You need to know the difference between a non-selective and a selective herbicide before you perform or authorize any herbicide application on your property.

A non-selective herbicide kills all actively growing vegetation by contact or by a systemic mode of action (chemical transported throughout plant). As an example Round-Up (Glyphosate) is commonly used to kill all existing unwanted vegetation growing in a poorly maintained landscaped area before planting or installing desirable seed or mature plants shortly after. Residual weed control (pre-emergent herbicide, soil sterilants, etc.) should be considered when choosing the correct non-selective herbicide needed for a particular site specific vegetation control task at hand.

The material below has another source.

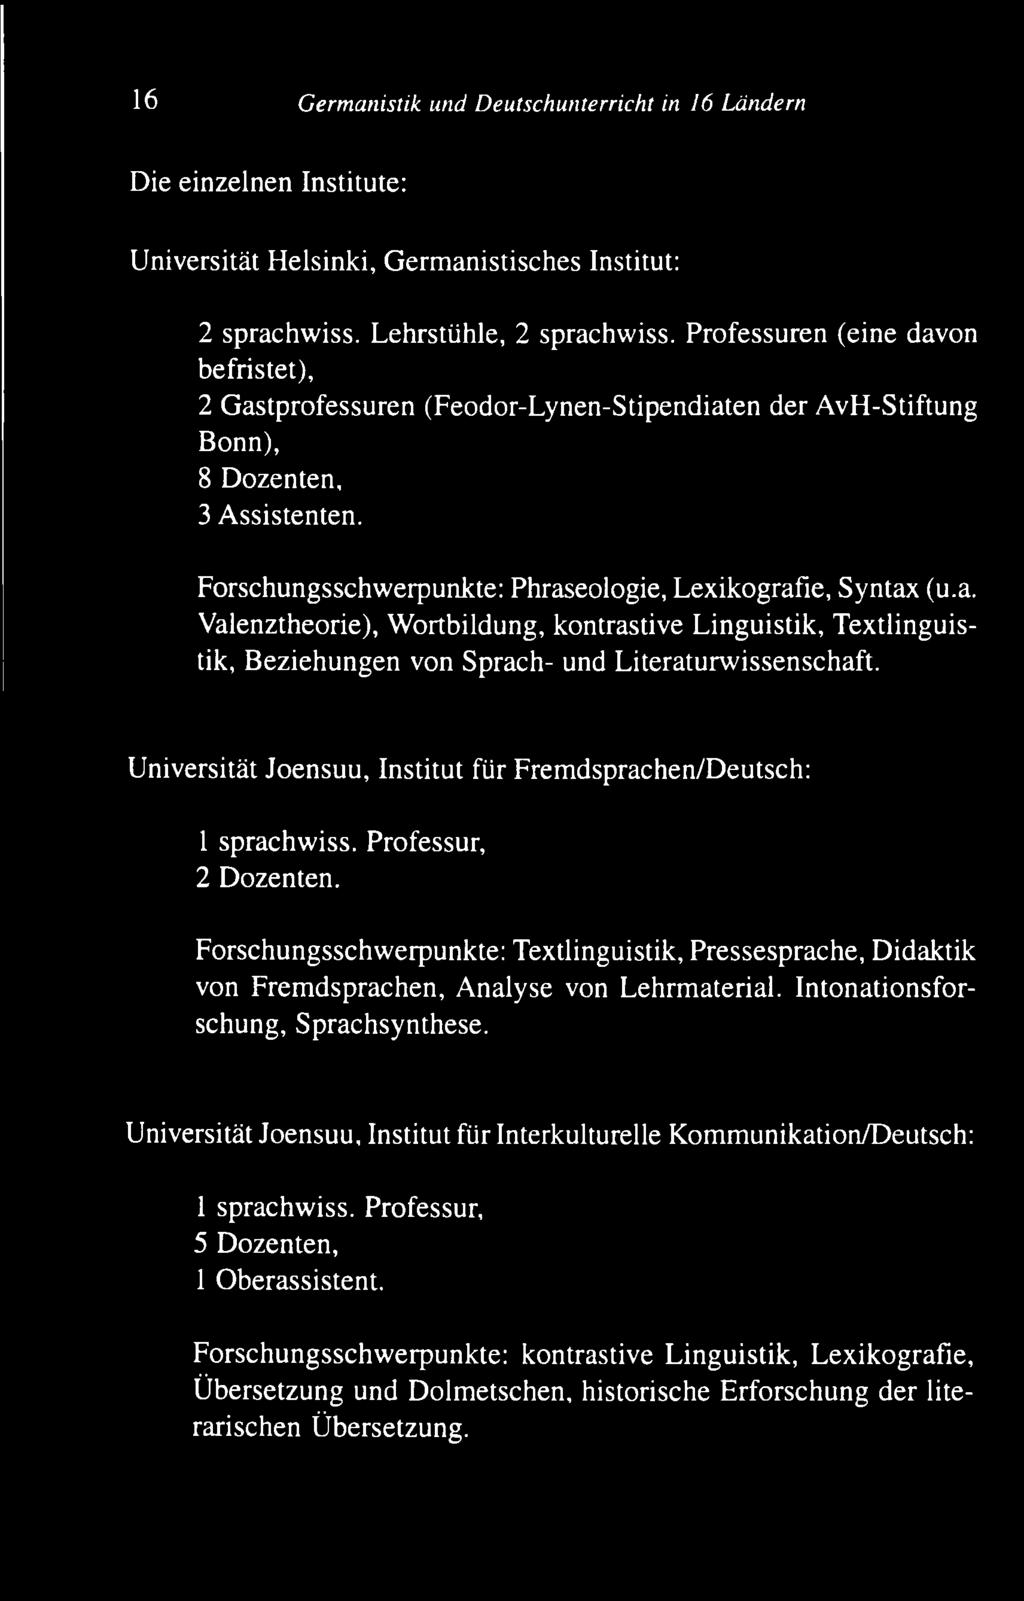 U niversität Joensuu, Institut für F rem dsprachen/d eutsch: 1 sprachw iss. Professur, 2 Dozenten.
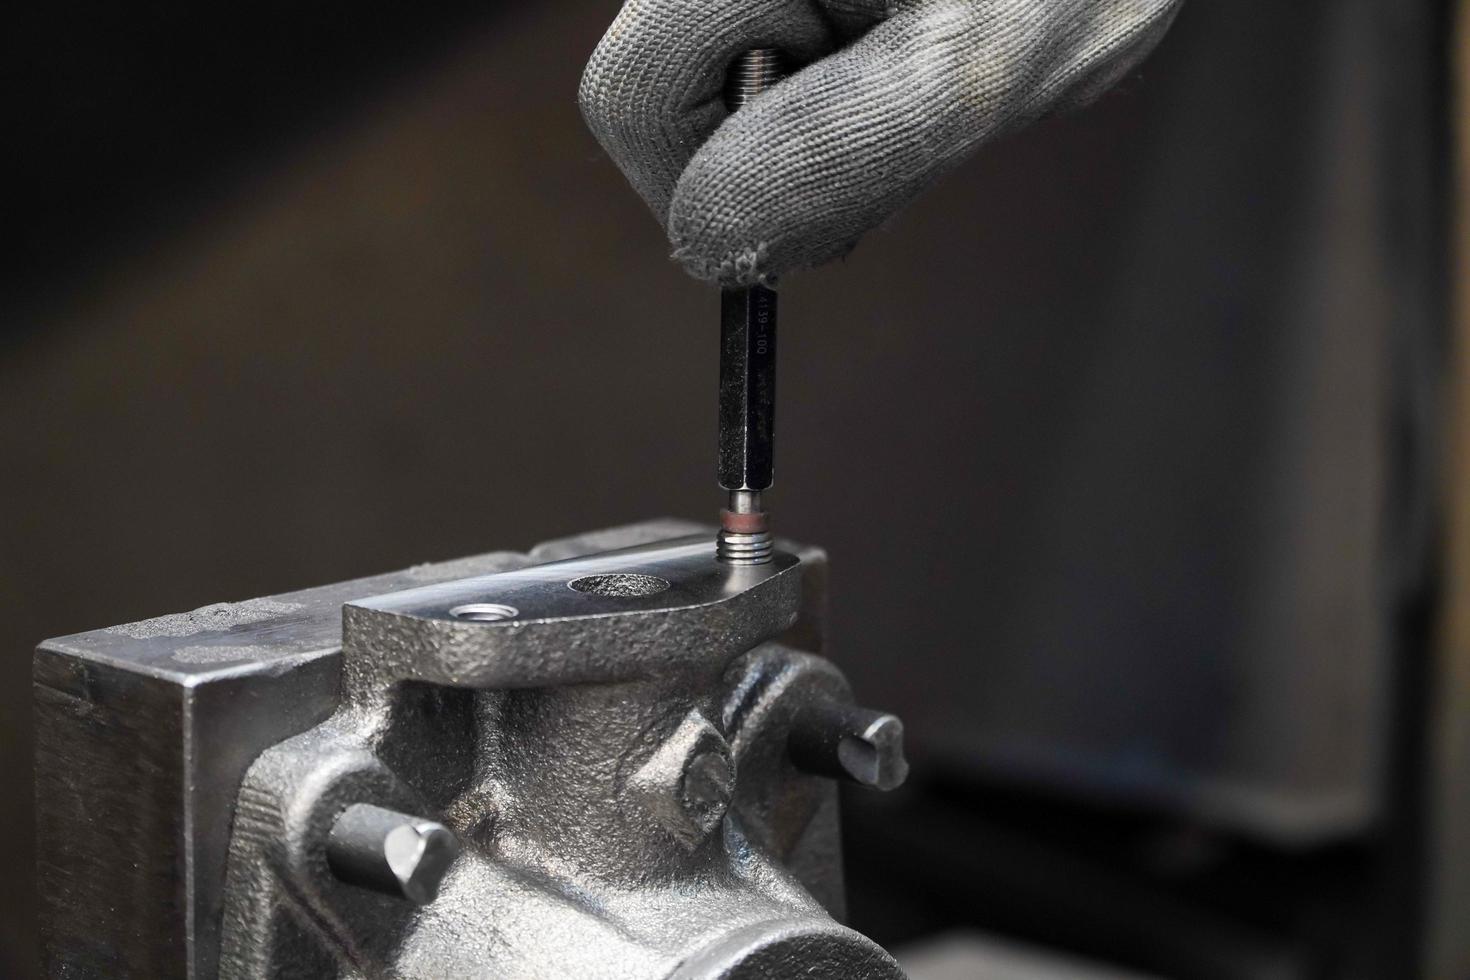 Inspección mecánica de piezas de trabajo de calibre de enchufe de rosca industrial, concepto industrial foto

A selective herbicide kills only certain target plants (as specified on product label) and leaves behind all other plants virtually unscathed (dosage and timing of application dependent).  Most selective herbicides used on turf (in particular) are systemic in nature (chemical transported throughout plant).

A decision will need to be made if only a select few unwanted broadleaf weeds, grasses, vines, etc. need to be eliminated or if everything growing in a particular target area will need to be controlled.

As always, please consult an industry professional for proper target plant identification and best available control options (organic, synthetic, contact, systemic, dosage, mechanical, cultural, etc.) before any/all pesticide applications are performed.